──────── DATASET RECORDS

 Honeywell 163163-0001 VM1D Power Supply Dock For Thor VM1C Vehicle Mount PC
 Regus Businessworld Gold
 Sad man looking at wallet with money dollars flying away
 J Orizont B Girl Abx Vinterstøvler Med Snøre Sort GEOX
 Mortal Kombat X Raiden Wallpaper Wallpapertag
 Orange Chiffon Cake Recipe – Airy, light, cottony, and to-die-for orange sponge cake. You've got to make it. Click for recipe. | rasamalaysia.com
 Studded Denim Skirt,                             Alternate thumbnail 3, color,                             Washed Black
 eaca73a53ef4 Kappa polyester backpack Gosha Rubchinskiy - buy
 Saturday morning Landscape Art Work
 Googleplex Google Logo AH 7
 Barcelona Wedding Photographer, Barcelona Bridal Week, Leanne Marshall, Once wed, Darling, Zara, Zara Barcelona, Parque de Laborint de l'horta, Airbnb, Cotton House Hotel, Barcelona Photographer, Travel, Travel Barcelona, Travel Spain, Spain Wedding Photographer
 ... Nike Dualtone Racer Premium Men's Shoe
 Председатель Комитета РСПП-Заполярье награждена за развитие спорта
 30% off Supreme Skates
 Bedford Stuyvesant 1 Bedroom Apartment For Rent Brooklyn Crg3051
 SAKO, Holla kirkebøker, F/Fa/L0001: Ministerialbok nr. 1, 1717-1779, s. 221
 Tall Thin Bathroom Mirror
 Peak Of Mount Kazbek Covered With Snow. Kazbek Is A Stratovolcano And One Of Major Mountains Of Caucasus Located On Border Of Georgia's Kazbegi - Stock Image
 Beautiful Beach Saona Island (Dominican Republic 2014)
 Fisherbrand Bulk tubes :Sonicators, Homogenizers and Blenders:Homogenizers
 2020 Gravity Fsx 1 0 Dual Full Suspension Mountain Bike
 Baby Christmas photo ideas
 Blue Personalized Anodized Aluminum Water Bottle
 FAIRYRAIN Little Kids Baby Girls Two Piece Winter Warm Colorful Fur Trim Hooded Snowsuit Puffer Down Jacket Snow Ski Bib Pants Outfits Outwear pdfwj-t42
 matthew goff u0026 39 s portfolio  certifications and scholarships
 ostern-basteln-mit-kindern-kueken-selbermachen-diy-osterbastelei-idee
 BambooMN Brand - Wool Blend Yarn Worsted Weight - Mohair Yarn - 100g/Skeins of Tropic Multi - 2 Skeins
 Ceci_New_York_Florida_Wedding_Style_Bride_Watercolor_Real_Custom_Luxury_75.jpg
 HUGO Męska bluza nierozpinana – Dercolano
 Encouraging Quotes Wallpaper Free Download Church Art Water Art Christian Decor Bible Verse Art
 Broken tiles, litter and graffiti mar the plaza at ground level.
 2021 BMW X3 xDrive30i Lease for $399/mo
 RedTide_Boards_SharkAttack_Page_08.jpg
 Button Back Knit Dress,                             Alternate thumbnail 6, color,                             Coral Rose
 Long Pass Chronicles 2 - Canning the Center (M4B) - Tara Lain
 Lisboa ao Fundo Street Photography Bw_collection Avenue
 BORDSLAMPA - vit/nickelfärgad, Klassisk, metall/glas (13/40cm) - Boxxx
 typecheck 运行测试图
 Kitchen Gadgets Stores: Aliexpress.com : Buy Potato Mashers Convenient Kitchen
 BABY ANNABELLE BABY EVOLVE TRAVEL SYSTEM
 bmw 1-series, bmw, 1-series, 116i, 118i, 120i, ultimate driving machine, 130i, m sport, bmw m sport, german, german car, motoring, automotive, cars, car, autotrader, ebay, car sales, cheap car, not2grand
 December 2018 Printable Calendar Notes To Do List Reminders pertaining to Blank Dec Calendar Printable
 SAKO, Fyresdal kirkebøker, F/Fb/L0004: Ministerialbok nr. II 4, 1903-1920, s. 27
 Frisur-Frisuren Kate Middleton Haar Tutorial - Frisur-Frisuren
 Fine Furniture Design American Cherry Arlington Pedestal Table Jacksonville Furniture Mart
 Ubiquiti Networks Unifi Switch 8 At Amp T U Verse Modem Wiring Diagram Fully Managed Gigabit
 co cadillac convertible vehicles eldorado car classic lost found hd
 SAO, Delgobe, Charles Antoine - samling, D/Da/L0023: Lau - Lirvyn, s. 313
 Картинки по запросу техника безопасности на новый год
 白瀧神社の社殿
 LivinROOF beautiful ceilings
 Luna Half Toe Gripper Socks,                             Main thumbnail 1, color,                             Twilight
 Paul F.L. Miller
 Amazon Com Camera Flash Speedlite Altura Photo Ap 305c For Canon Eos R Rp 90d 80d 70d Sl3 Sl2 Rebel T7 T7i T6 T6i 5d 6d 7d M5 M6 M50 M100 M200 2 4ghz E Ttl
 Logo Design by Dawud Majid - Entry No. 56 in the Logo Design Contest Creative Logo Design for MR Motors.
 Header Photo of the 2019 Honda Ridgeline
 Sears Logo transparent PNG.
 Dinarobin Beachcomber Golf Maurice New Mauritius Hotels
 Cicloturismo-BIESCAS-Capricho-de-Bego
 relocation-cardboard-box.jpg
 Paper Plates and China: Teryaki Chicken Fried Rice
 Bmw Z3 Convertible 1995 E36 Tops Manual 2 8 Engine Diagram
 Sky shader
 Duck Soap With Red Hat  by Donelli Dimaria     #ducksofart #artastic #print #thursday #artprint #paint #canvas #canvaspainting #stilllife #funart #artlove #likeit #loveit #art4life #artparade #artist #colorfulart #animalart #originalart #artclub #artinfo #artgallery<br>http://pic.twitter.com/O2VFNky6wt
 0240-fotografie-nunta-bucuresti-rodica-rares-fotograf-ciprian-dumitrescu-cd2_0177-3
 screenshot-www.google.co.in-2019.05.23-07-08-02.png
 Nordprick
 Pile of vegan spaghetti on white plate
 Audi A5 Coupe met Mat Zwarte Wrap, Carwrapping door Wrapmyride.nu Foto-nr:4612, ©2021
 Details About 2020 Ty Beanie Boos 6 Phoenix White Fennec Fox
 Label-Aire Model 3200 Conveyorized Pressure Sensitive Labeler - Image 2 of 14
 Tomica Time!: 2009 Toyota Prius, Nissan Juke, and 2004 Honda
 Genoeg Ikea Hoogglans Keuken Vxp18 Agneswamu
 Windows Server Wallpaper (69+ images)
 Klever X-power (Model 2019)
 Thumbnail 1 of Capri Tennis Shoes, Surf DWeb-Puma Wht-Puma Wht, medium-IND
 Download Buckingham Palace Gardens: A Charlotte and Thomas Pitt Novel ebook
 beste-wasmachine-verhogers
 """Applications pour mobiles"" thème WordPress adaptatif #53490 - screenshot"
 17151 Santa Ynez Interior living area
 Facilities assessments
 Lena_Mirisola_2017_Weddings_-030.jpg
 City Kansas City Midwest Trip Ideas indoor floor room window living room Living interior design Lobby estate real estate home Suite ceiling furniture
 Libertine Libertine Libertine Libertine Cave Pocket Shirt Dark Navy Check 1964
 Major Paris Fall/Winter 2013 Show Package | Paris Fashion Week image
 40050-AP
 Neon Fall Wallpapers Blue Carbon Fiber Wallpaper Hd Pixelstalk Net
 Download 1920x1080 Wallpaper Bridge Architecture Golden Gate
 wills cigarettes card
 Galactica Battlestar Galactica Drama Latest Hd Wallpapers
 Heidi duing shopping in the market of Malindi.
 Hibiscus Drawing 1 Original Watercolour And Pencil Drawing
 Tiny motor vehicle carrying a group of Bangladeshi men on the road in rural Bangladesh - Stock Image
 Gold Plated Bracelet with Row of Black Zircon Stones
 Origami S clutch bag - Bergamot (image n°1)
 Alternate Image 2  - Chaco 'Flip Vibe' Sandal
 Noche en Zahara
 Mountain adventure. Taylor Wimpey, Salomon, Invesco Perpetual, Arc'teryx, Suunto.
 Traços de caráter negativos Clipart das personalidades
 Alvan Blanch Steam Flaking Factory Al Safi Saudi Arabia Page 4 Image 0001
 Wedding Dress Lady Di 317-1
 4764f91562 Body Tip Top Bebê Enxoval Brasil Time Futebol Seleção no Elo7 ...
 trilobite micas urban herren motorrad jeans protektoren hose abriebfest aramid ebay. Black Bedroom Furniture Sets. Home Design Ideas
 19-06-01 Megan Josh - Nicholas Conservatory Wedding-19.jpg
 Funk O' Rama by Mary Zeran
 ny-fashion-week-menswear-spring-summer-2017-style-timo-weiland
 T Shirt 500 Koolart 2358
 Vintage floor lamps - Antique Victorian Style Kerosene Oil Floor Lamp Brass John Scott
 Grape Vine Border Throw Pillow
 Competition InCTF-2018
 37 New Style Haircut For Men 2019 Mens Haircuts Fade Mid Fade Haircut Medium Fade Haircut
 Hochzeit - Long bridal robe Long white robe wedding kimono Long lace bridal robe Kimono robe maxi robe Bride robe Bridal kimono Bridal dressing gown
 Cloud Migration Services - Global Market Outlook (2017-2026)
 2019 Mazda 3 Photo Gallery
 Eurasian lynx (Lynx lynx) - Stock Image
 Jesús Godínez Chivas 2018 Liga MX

────────────────

-- EXERCISE --
If a line in the records above contains "floor", copy that line.

-- EXERCISE ANSWER --
 City Kansas City Midwest Trip Ideas indoor floor room window living room Living interior design Lobby estate real estate home Suite ceiling furniture
 Vintage floor lamps - Antique Victorian Style Kerosene Oil Floor Lamp Brass John Scott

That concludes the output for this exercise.